Legislative redistricting proposal now goes to Governor Schaefer.

CITY-COUNTY DISTRICTS OK'D

December 18, 1991|By Thomas W. Waldron | Thomas W. Waldron,Evening Sun Staff

Despite protests from politicians and citizens, Baltimore County will begin sharing legislators with Baltimore City under a final redistricting plan released today by a special advisory panel.

The panel did agree to have only five districts cross the city-county border, instead of the six proposed when the first plan was released two weeks ago.

But, in several important ways, the plan did not change. The city will maintain control of eight districts, despite a dwindling population that some said entitled the city to only seven districts.

In addition, the plan maintains its key plank -- a new black-dominated district in the Liberty Road area. Creating that new district will force several Baltimore county incumbents to run against each other.

Furious Baltimore County officials and residents have said they wanted nothing to do with city politics. Some residents even predicted the joint legislative districts would eventually lead to countians paying the city's higher property tax rates.
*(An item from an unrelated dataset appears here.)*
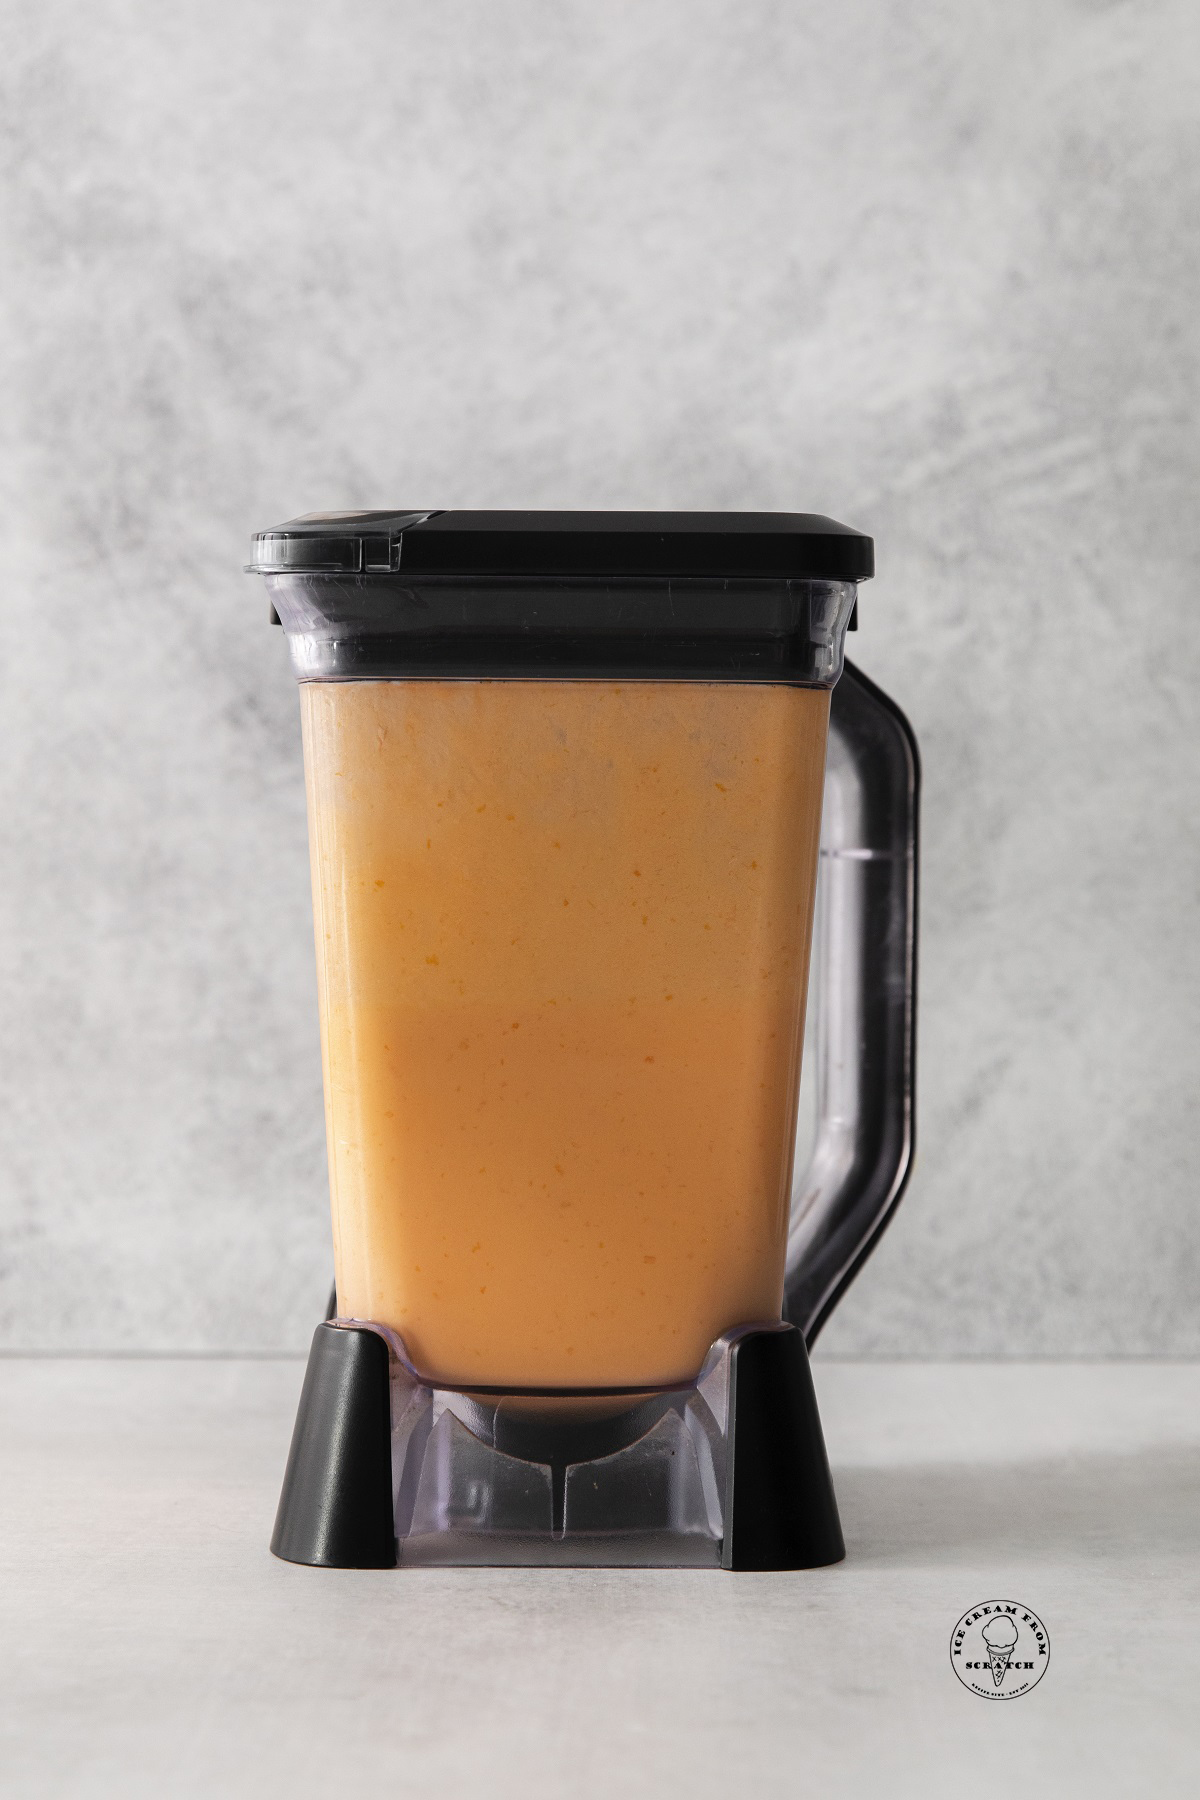 the base mixture for orange sherbet ice cream in a blender.

"I still think it's totally unfair to Baltimore County and Baltimore County voters," said Del. E. Farrell Maddox, chairman of the county's House delegation.

The plan now goes to Gov. William Donald Schaefer, who must submit his own version to the General Assembly next month. It is not clear how much Schaefer will tinker with the panel's plan.

"At first blush, he thinks they did a good job with it," said Page Boinest, a spokesman for the governor.

If the General Assembly is unable to agree on changes to Schaefer's proposal, it will become law. The debate in the legislature promises to be vigorous, as lawmakers maneuver to protect favored election turf.

The district map will be used to elect all 188 members of the legislature in 1994 and 1998. New maps are drawn every decade based on U.S. Census figures.

The panel modified several proposals in its original map:

* The revised plan creates a new, single-member House district in Catonsville as part of one of the city-county districts. That will mean the loss of one delegate from the city. Baltimore County, however, will show no net gain in elected officials because it also lost a delegate seat to Howard County.

* Howard County will be split into three districts instead of five as the panel had contemplated.

* Essex has been reunited in a single district. It had been split between two.

* Towson is now back in a Baltimore County district. It had been included in a city-dominated district.

Despite protests from black leaders, the panel declined to create another black-dominated district in Prince George's County. The map maintains three districts with minority populations of at least 74 percent. The NAACP had proposed giving the county at least four districts with substantial black majorities.

In all, Baltimore City will lose one of its nine districts. Four of the eight city-dominated districts will be heavily black. Three will be mainly white. The eighth, the 43rd District in northeast Baltimore, is 61 percent minority in the panel's final plan. It was 46 percent minority in the panel's first plan.